Co piąte polskie przedsiębiorstwo szuka teraz pracowników – wynika z badań Obserwatorium Regionalnych Rynków Pracy przeprowadzonych wśród ponad 2,5 tys. członków organizacji Pracodawców RP.
Badanie potwierdza, że po kryzysie najwięcej ofert pracy – zarówno dla pracowników szeregowych jak i menedżerów – jest w dużych firmach, a największe szanse na etat mają kandydaci po studiach. Tak jest nie tylko na stanowiskach kierowniczych i specjalistycznych, ale także tam, gdzie wcześniej wyższe wykształcenie nie było istotne, czyli np. w przypadku pracowników administracyjnych i biurowych czy przedstawicieli handlowych. – Przy dużym bezrobociu absolwenci uczelni często są gotowi zatrudnić się na stanowiskach wymagających niskich kwalifikacji np. w Radomiu pracują na kasie w hipermarketach – komentuje Izabela Koryś, dyrektor obserwatorium. Według niej taka „nadakceptacja” pracy osób z wyższym wykształceniem przy mało wymagających zajęciach nie jest dobra ani dla pracodawców (nie wykorzystują potencjału swych kadr), ani dla pracowników, którzy czują się sfrustrowani.
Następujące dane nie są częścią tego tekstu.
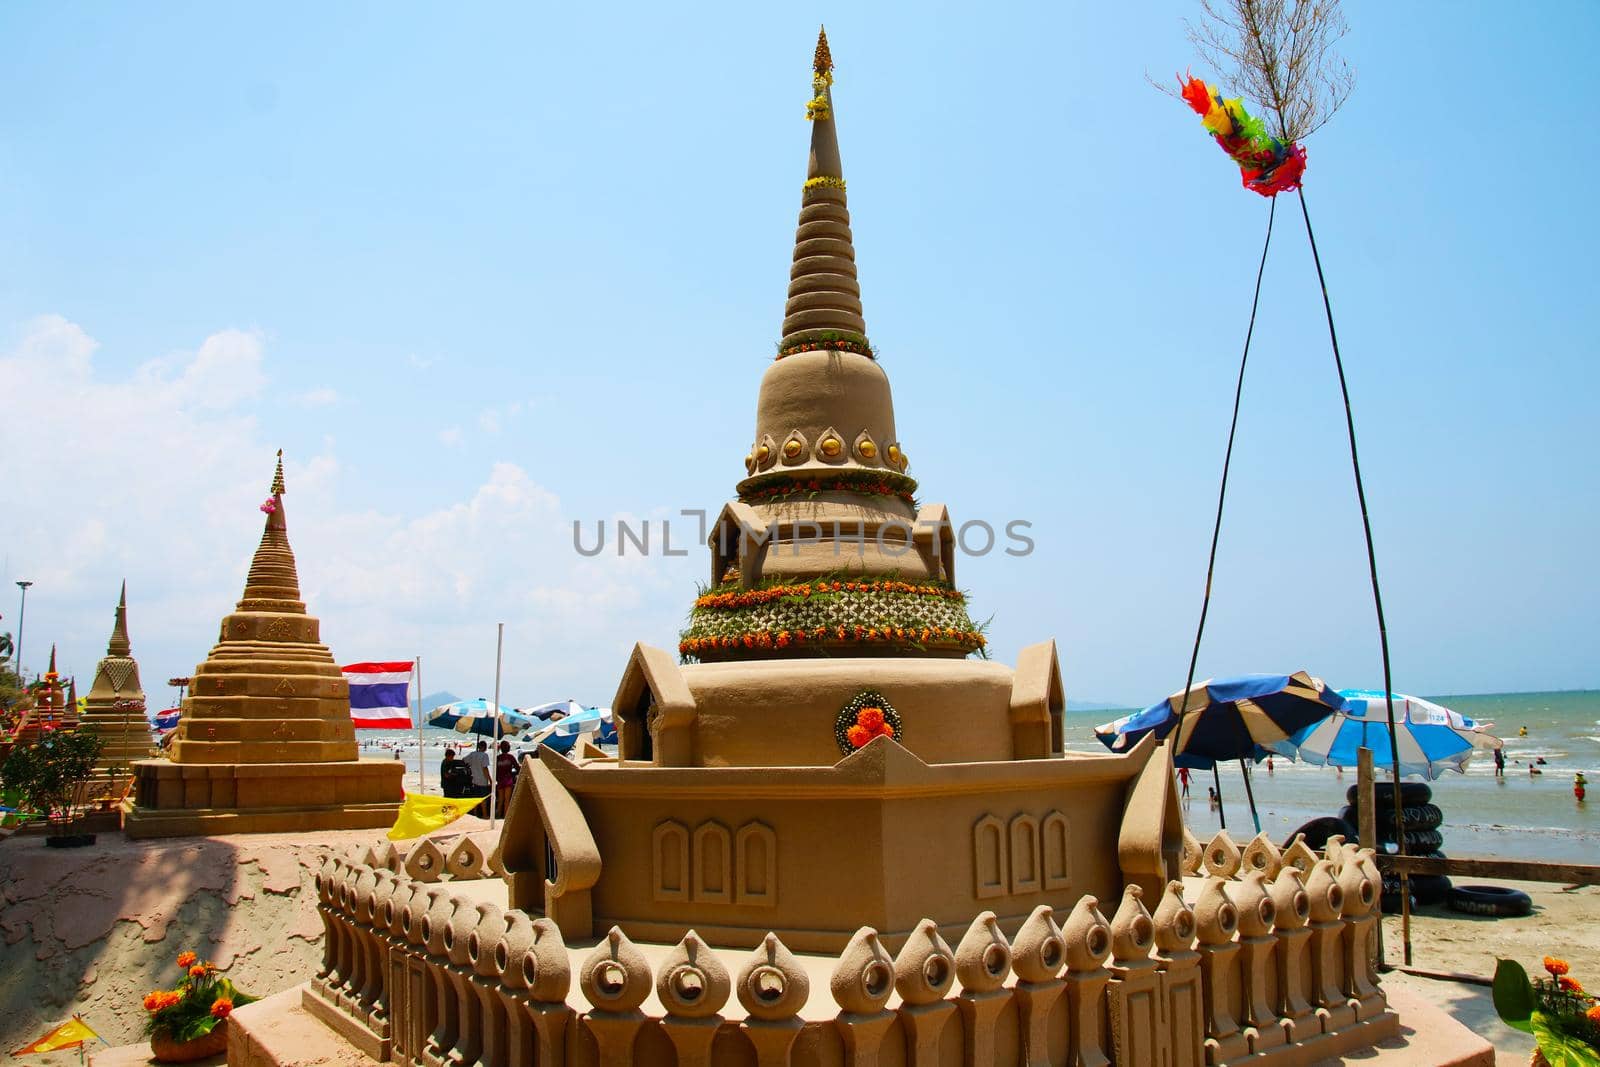 royal sand pagoda was carefully built, and beautifully decorated Songkran festival by Darkfox

Badanie potwierdza, że większe szanse na pracę mają panowie – w przypadku prawie połowy stanowisk preferencje ustalone są na ich korzyść. Kobiety mają większe szanse przy niespełna 9 proc. posad. Dla ambitnych pań pocieszający może być fakt, że na stanowiskach kierowniczych średniego i wyższego szczebla szanse są dużo bardziej wyrównane, ba, niekiedy to kobiety są bardziej preferowane.
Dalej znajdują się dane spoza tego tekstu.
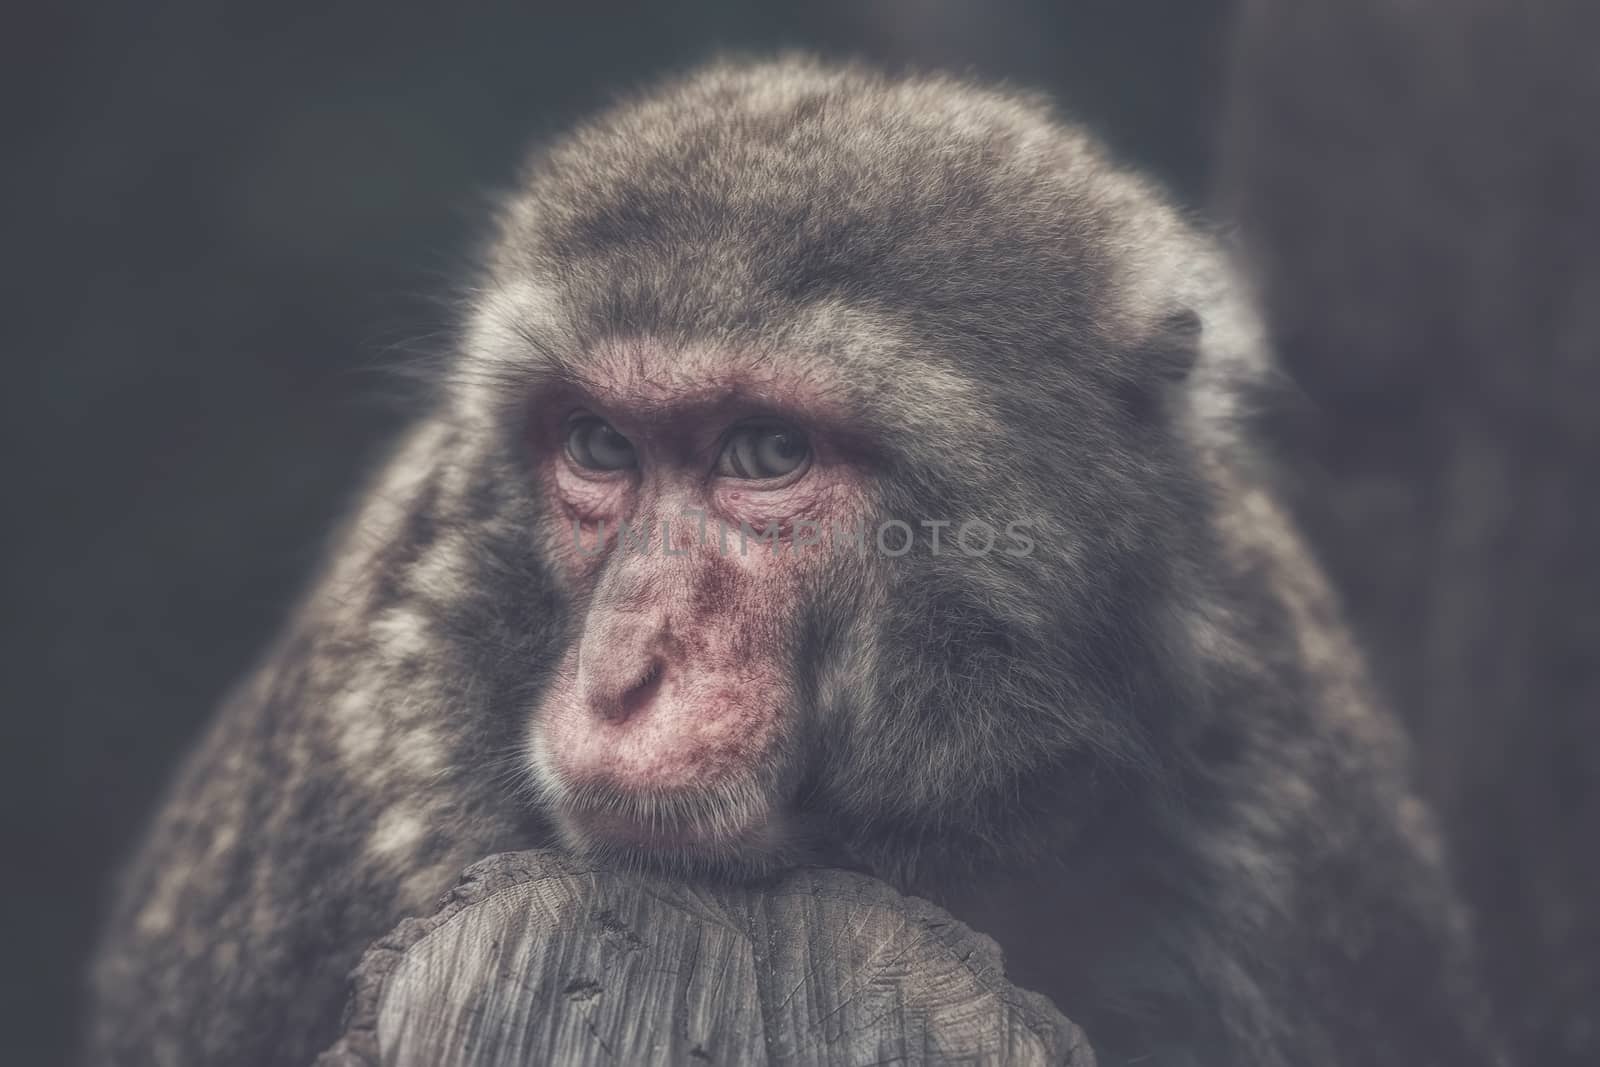 A monkey looking sad into the camera

Jak ocenia Izabela Koryś, na wielu niższych stanowiskach, zwłaszcza w produkcji czy w budownictwie, preferencje dla mężczyzn nie muszą wynikać z uprzedzeń pracodawców. Są efektem dodatkowego ryzyka związanego z zatrudnieniem np. matki małych dzieci, która częściej może brać zwolnienia.
Ankietowane firmy przyznają, że zwiększone ryzyko, które zniechęca pracodawców do zatrudniania osób starszych, niepełnosprawnych i matek, mogłoby obniżyć wsparcie państwa. Przydałoby się np. finansowanie szkoleń dla osób 45 +, oraz dofinansowanie do zwolnień najstarszych pracowników. Na pytanie o czynniki, które utrudniają znalezienie idealnego pracownika, przedsiębiorcy wymieniali jednak nie płeć czy wiek, najczęściej narzekali na brak wystarczających umiejętności, brak doświadczenia kandydatów oraz ich zbyt wygórowane oczekiwania płacowe.